Task instructions:
Give the data below again exactly as it stands. Omit the pictures.

Data:
----------
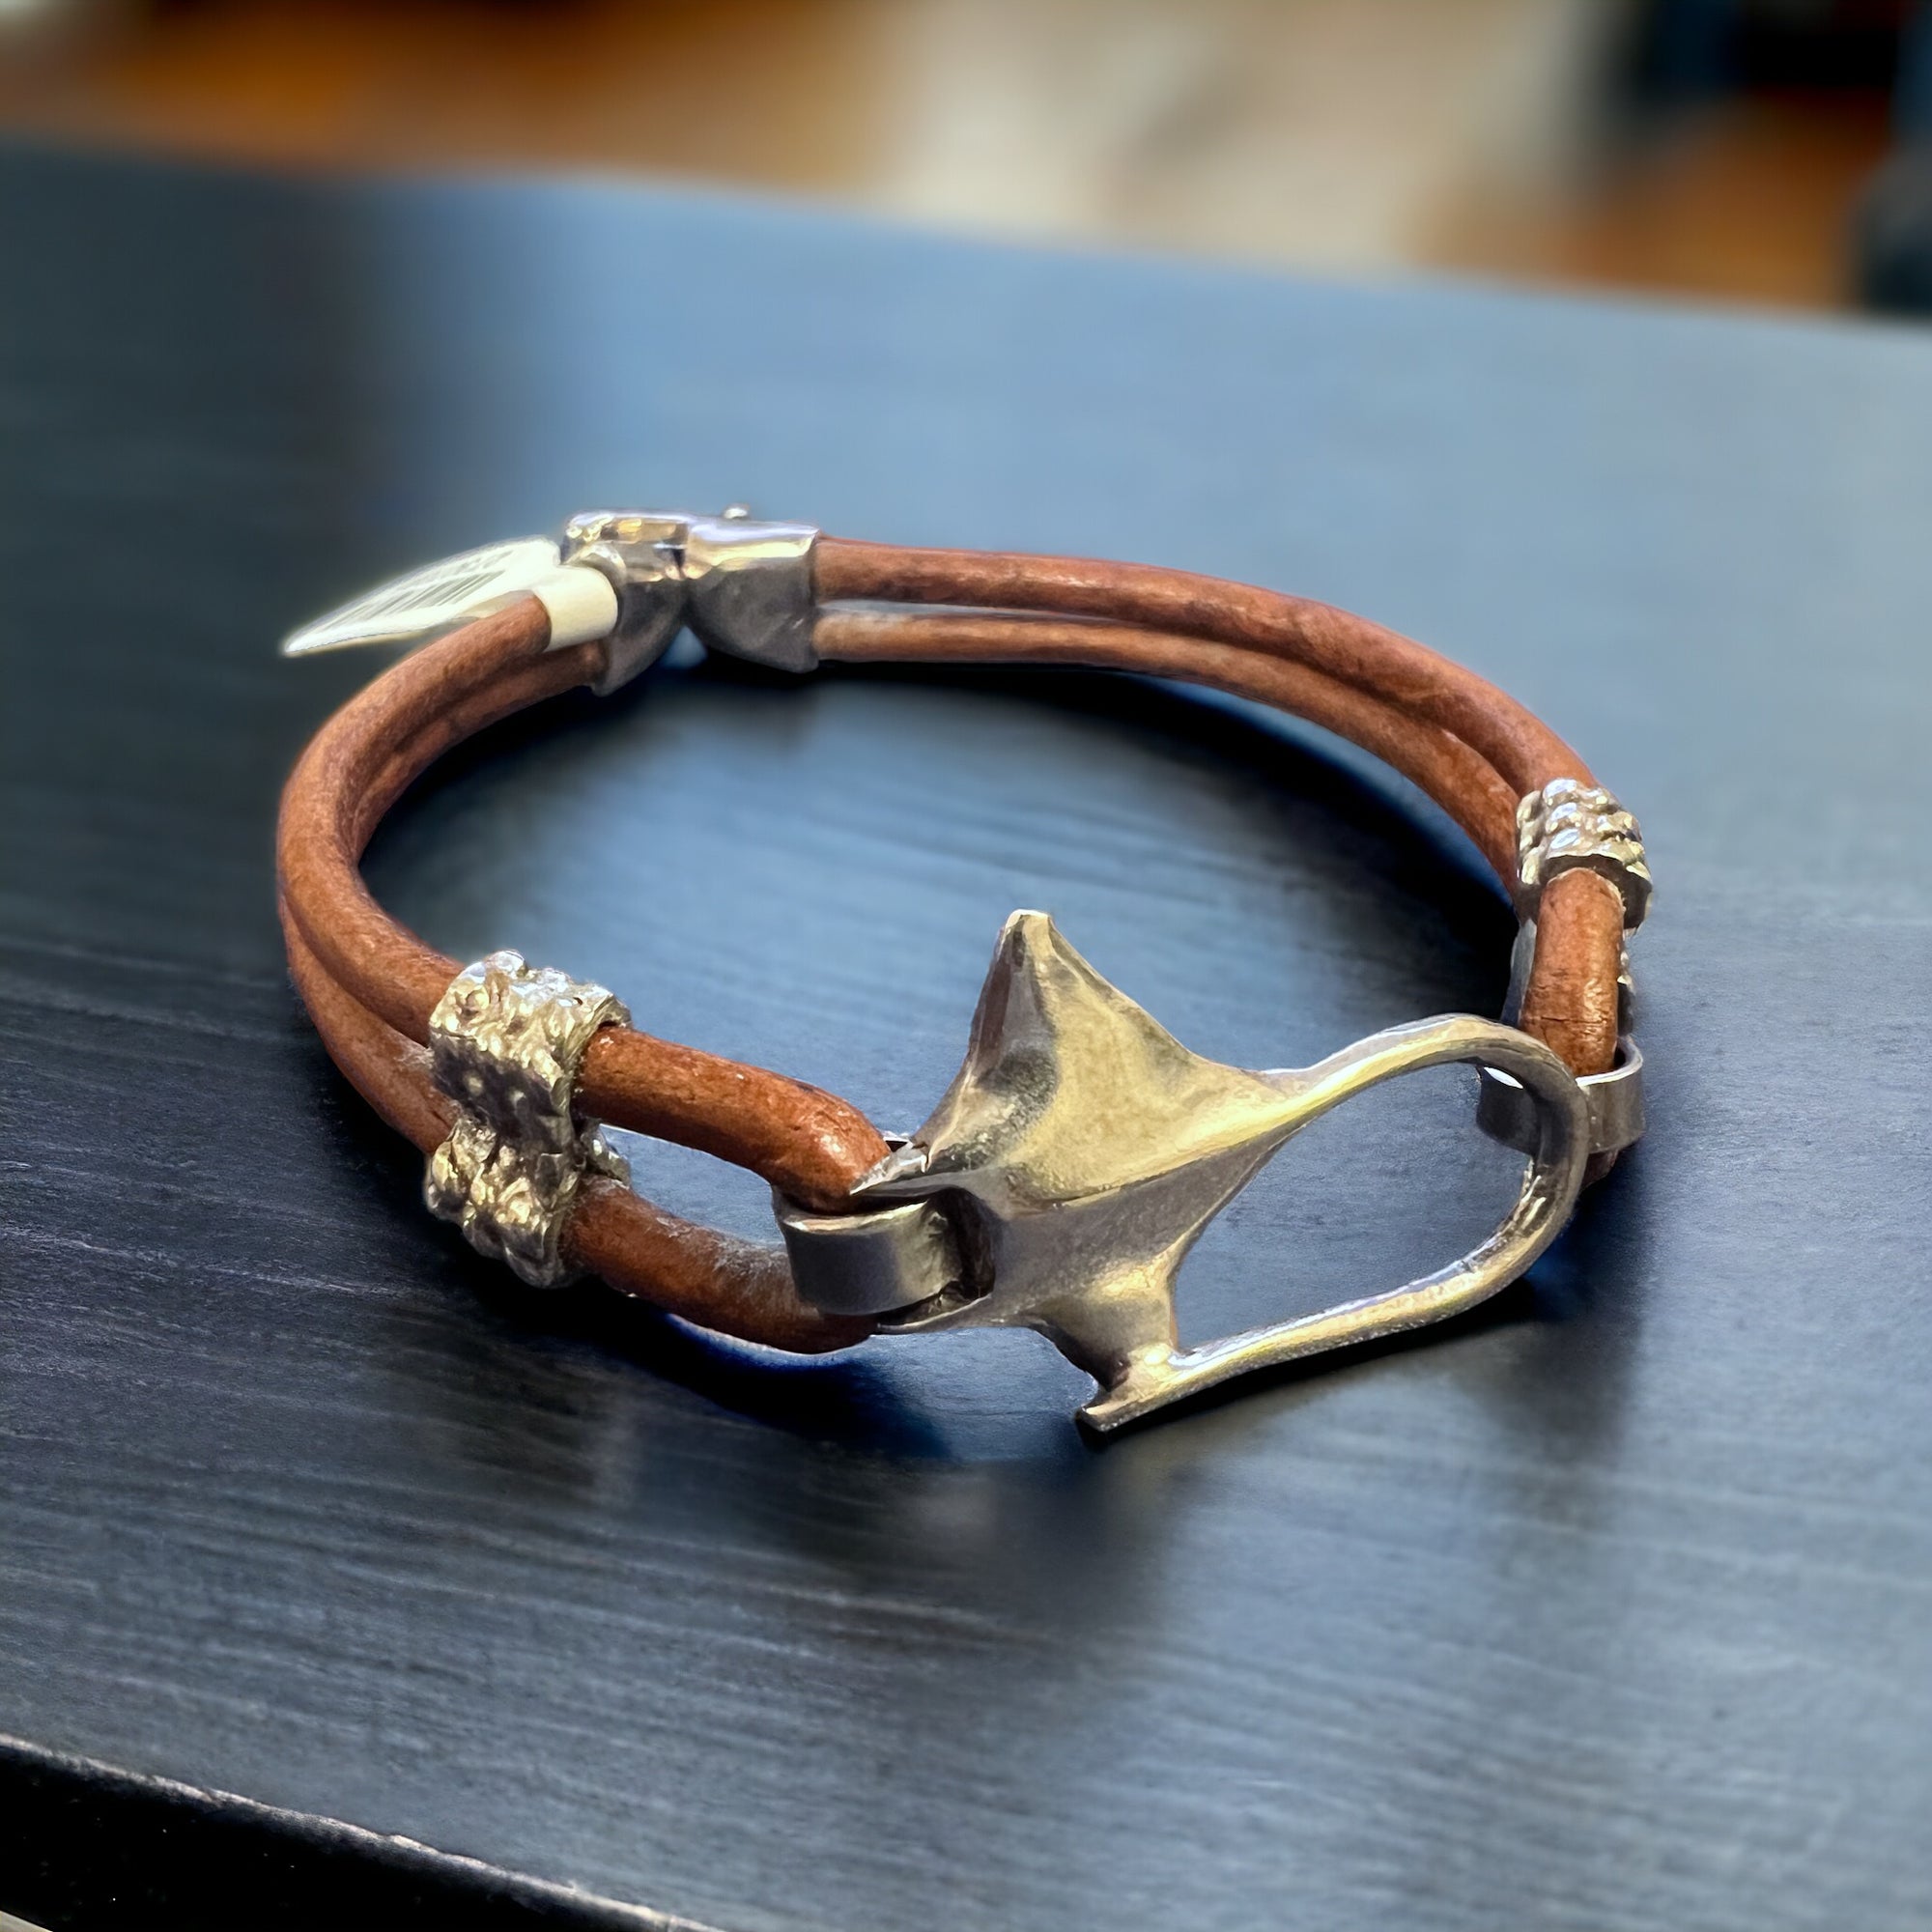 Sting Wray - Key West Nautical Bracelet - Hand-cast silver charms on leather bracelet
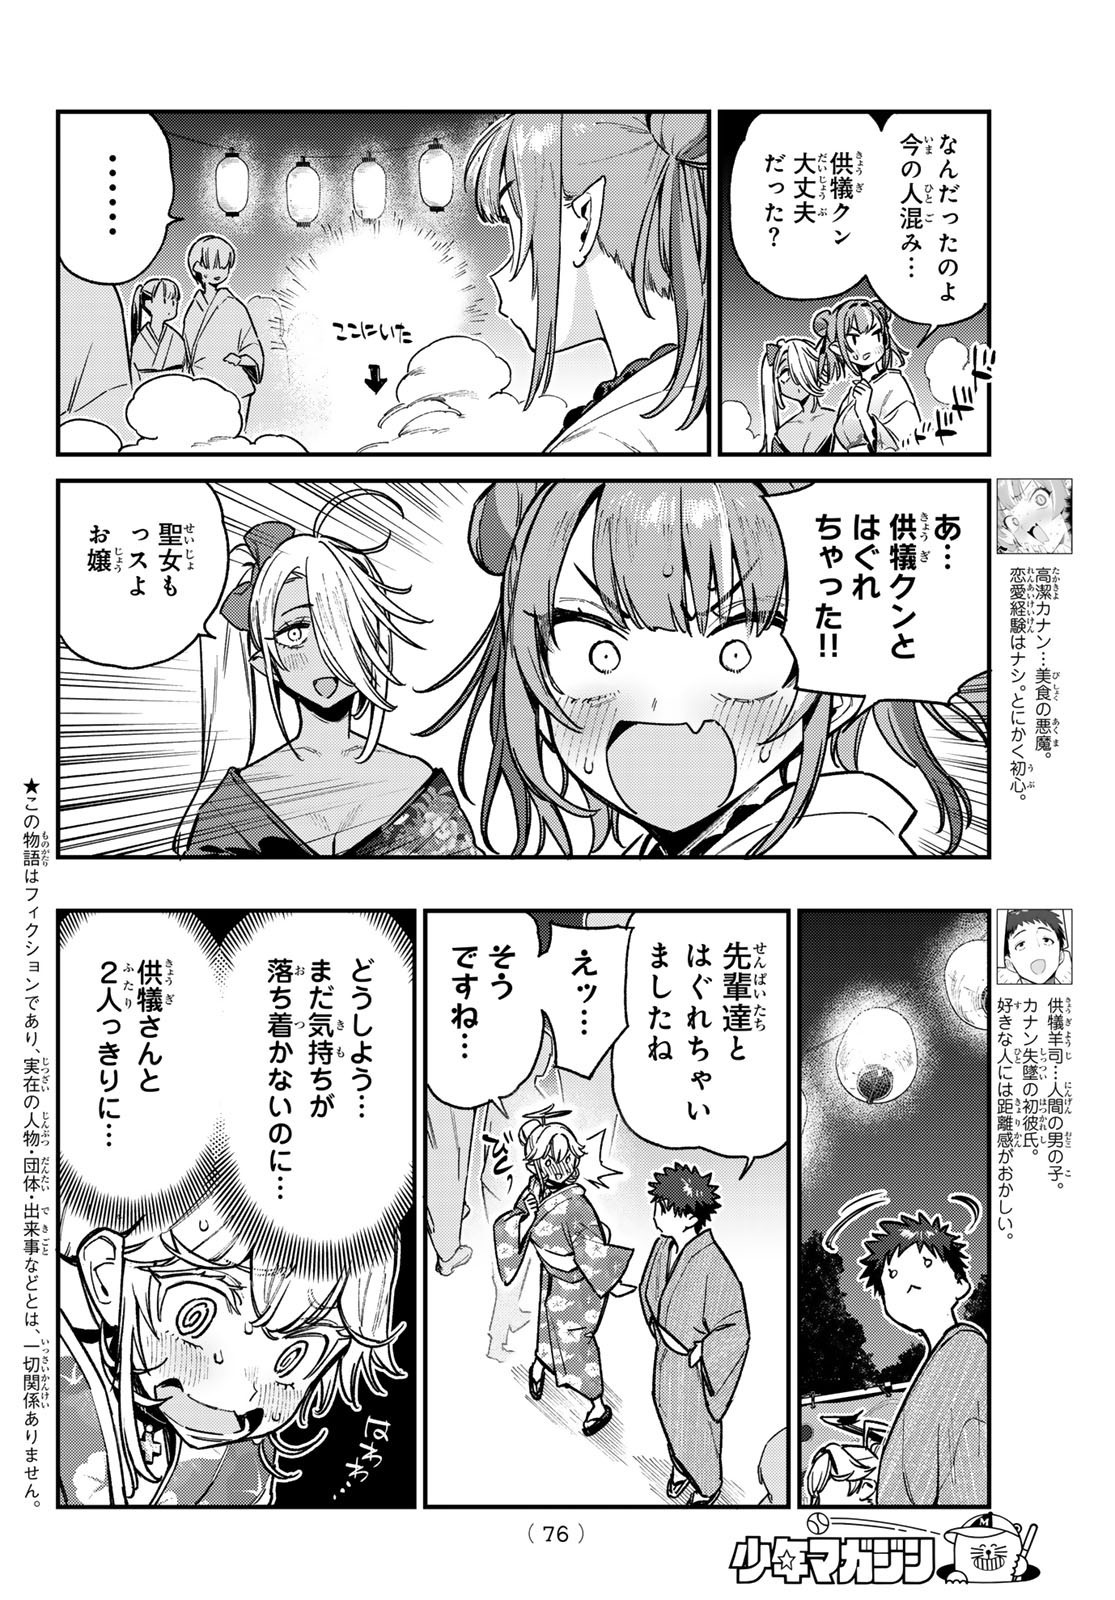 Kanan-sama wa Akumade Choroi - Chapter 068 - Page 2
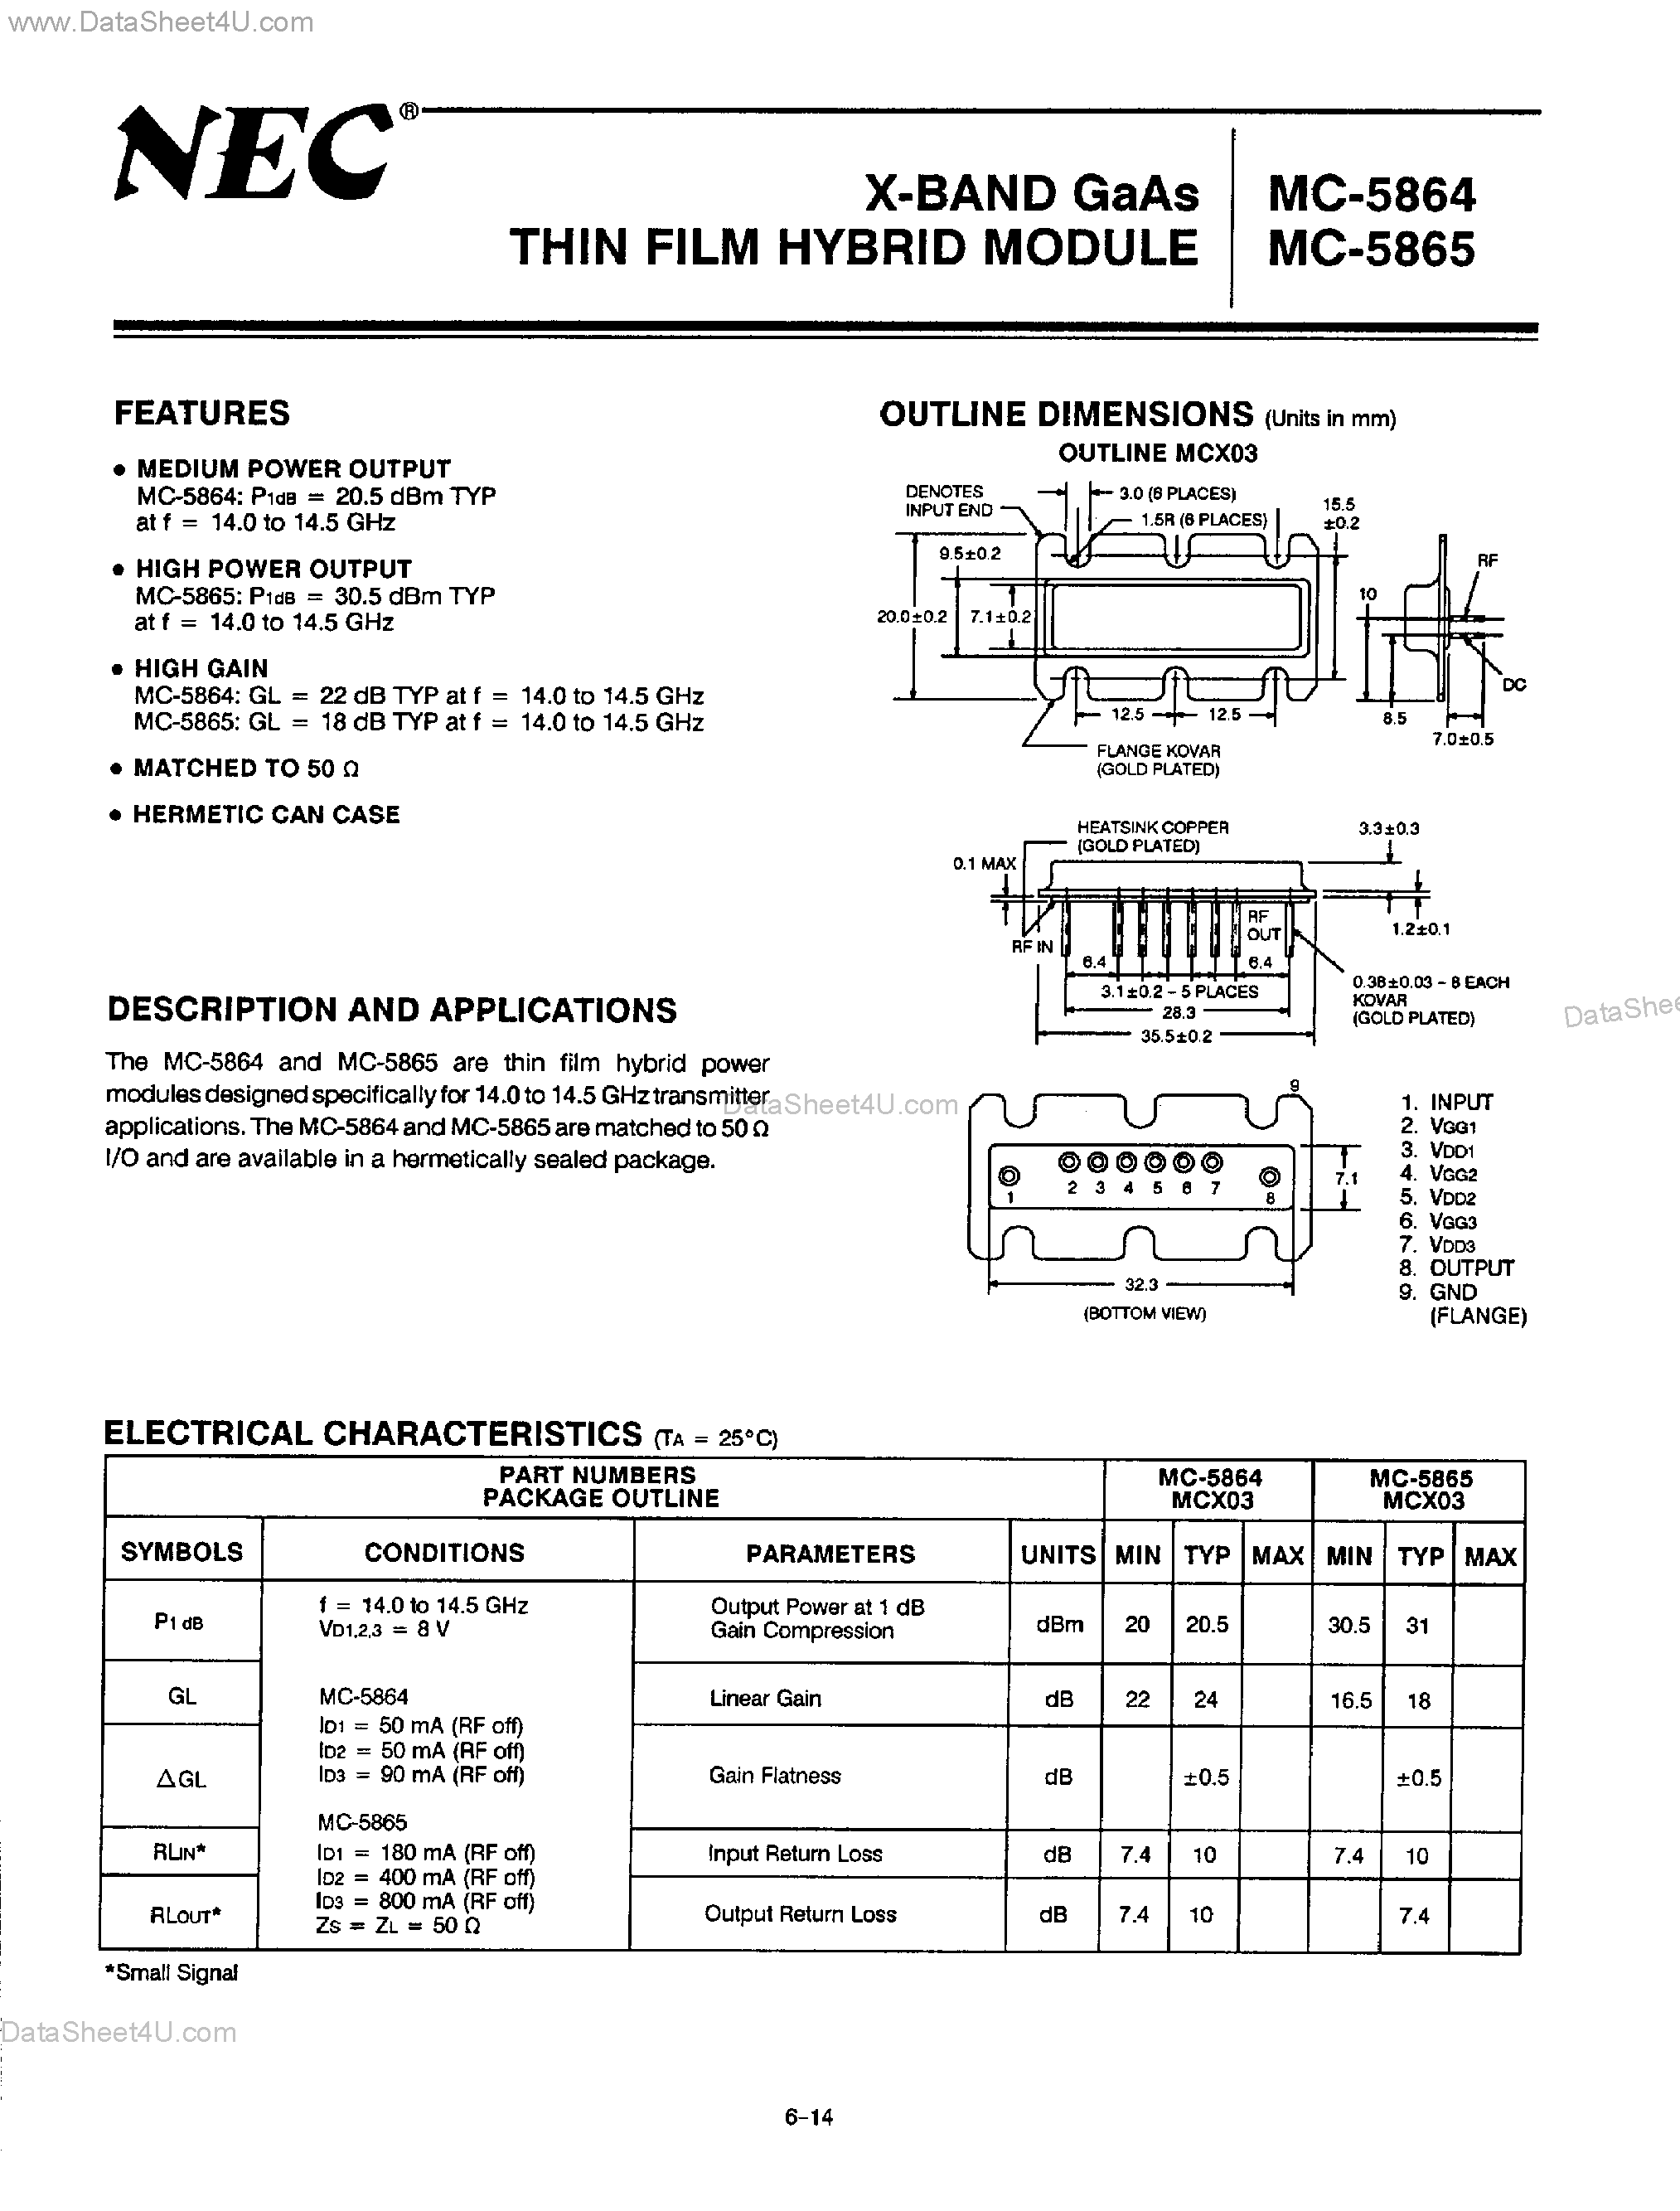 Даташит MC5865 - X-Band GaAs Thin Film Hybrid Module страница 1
----------
Expected output:
 Sting Wray - Key West Nautical Bracelet - Hand-cast silver charms on leather bracelet
 Kanan-sama wa Akumade Choroi - Chapter 068 - Page 2
 Даташит MC5865 - X-Band GaAs Thin Film Hybrid Module страница 1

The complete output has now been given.